§ **What is expected**: In the entries that follow, repeat exactly the lines from the one that has "South Tahoma Glacier, Washington" through the one that has "鶴川の家 Ⅳ イメージ8 撮影:東涌写真事務所・東涌宏和", but omit pictures.

§ **Given records**:
┌────────

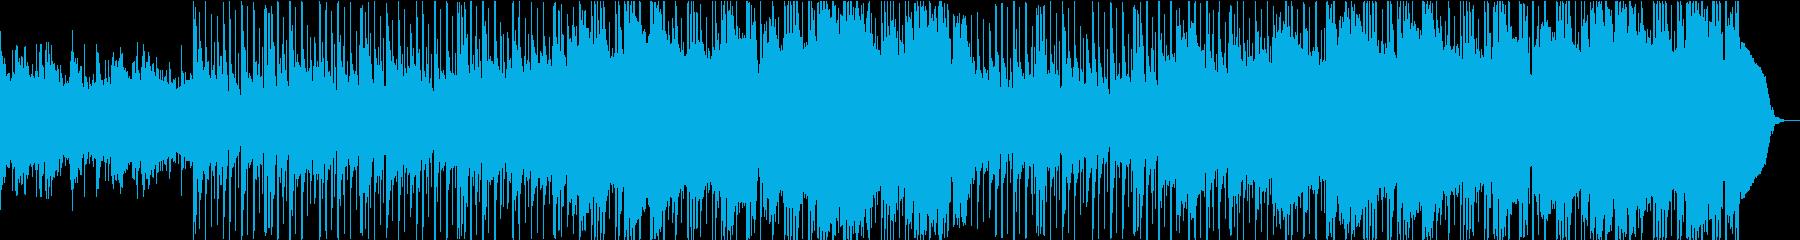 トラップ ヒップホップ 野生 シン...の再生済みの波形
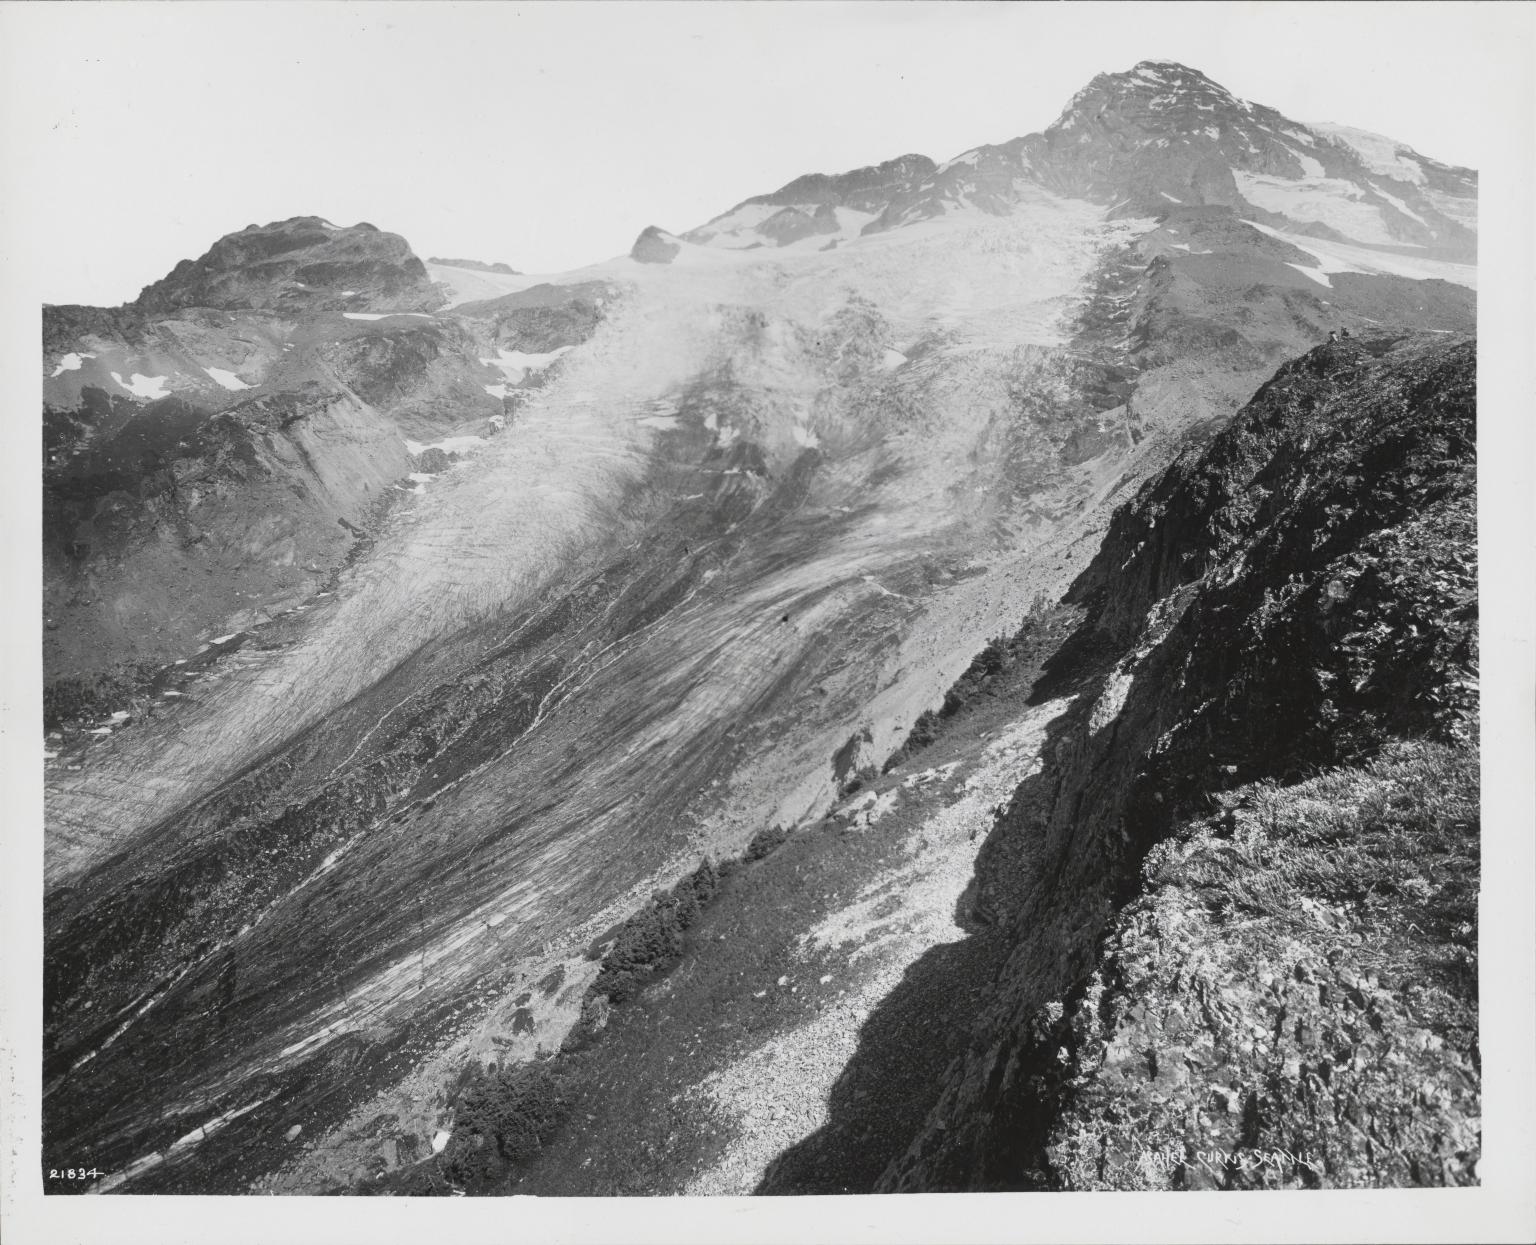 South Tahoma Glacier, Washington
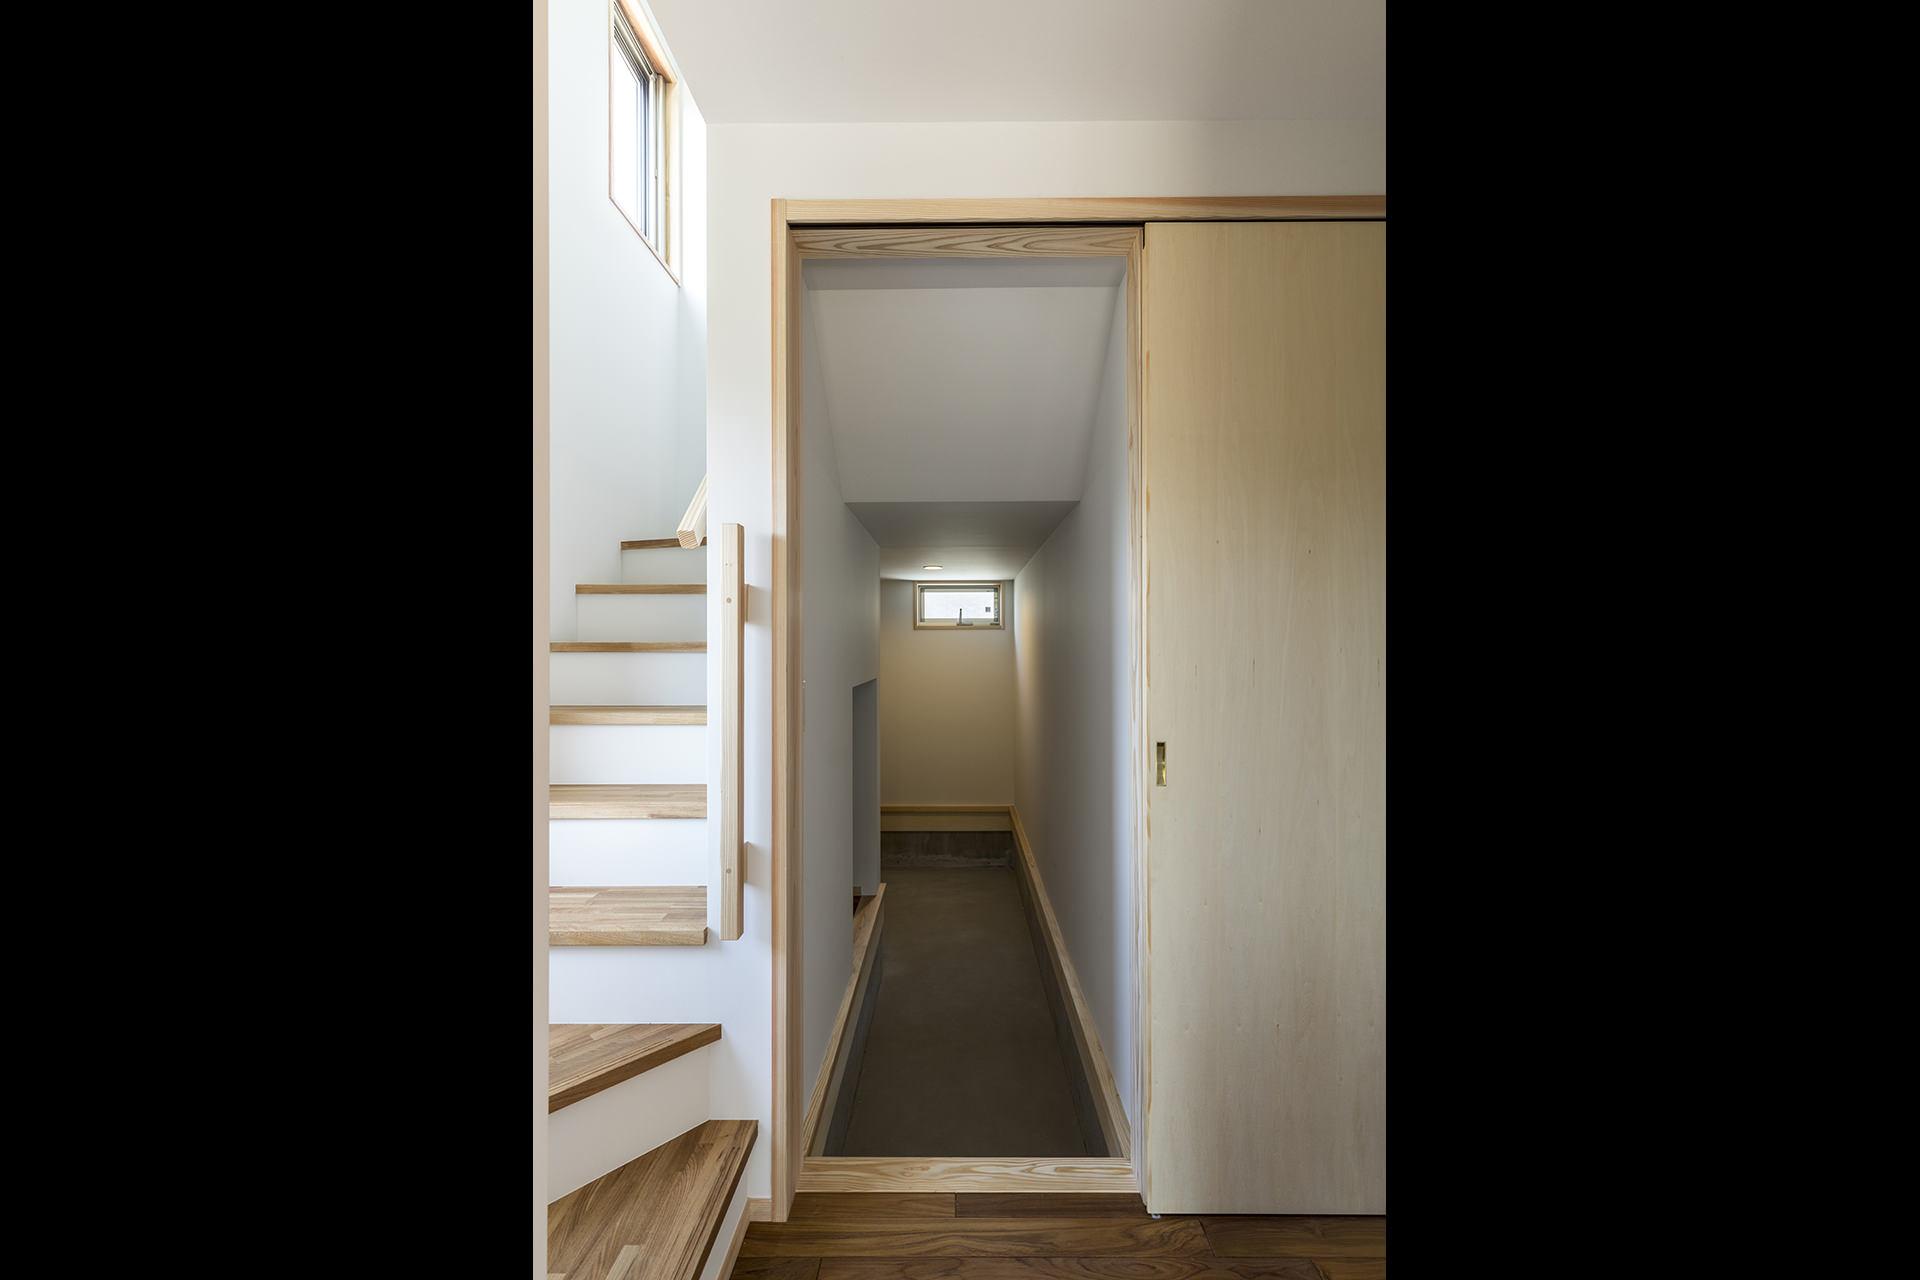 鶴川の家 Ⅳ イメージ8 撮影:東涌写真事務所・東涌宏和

└────────
┌────────

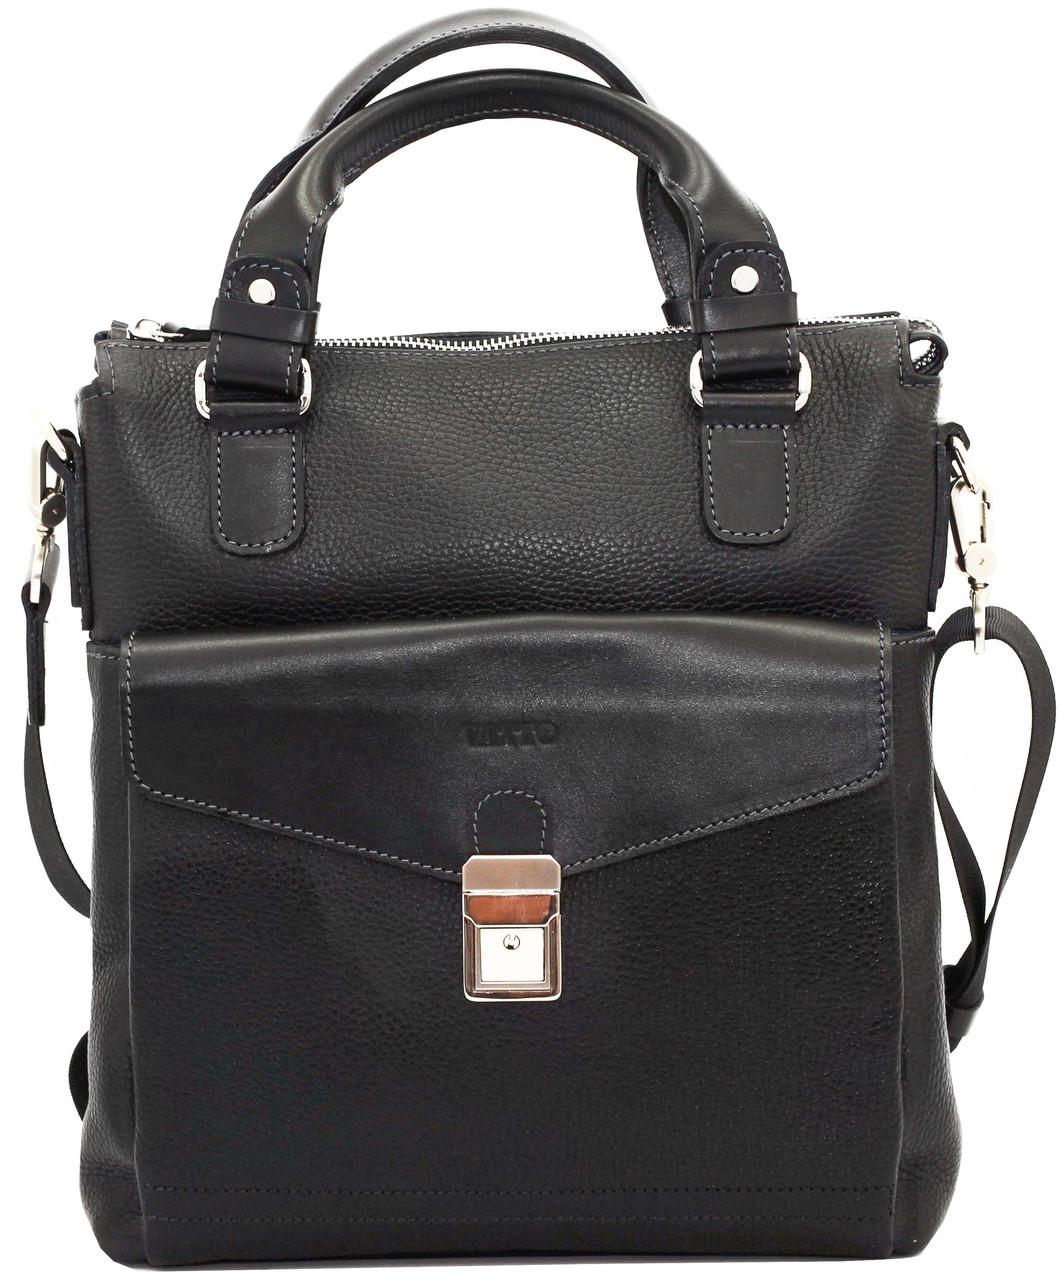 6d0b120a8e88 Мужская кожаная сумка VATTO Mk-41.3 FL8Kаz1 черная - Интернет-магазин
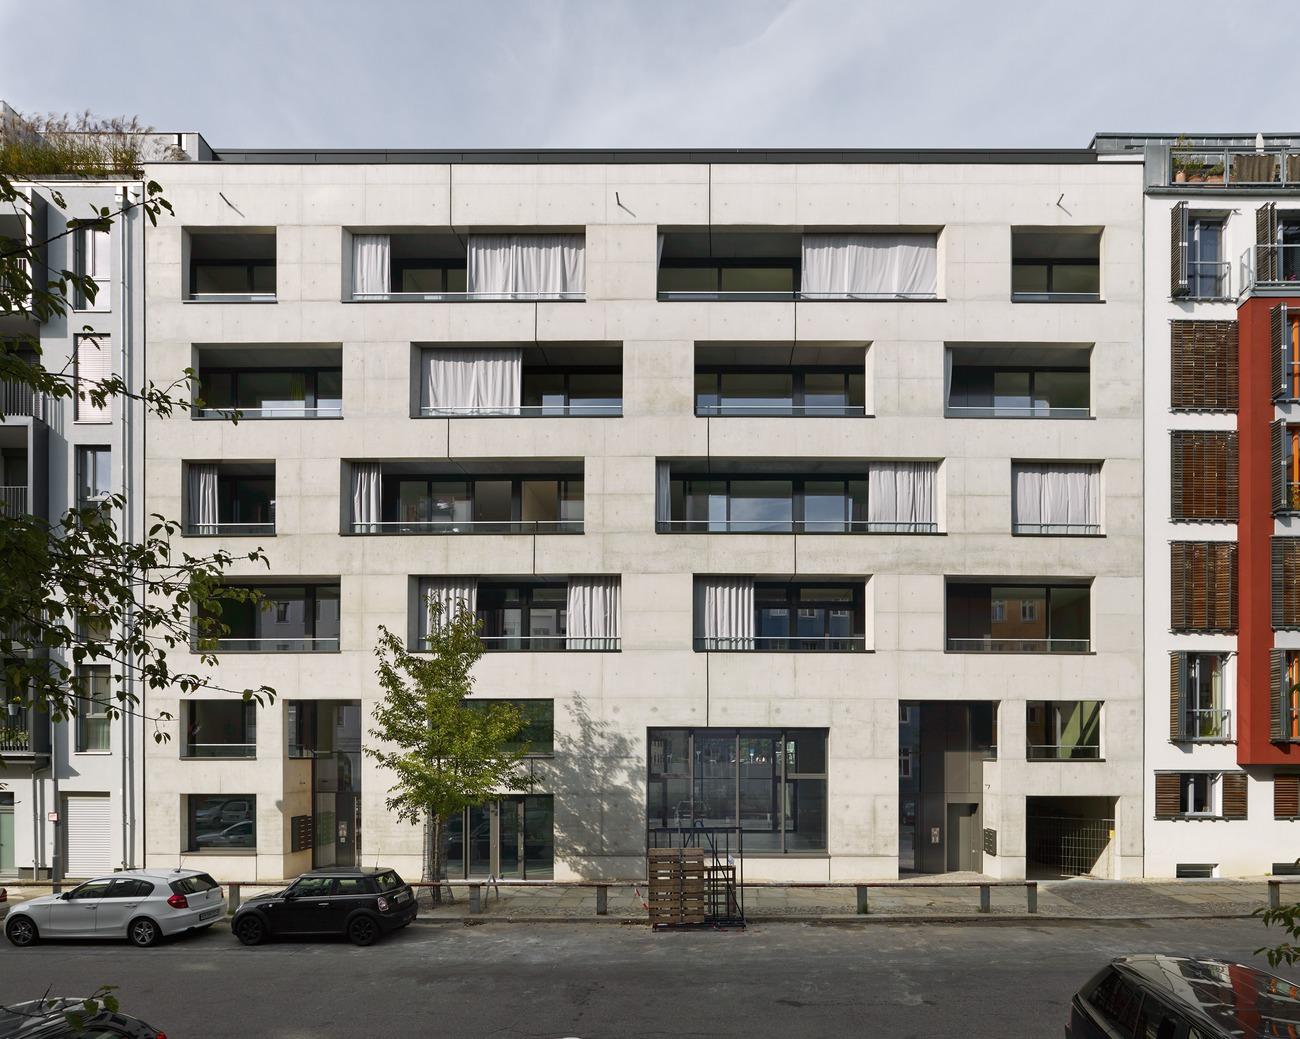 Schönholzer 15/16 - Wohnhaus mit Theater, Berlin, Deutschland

└────────

§ **Answer**:
 South Tahoma Glacier, Washington
 鶴川の家 Ⅳ イメージ8 撮影:東涌写真事務所・東涌宏和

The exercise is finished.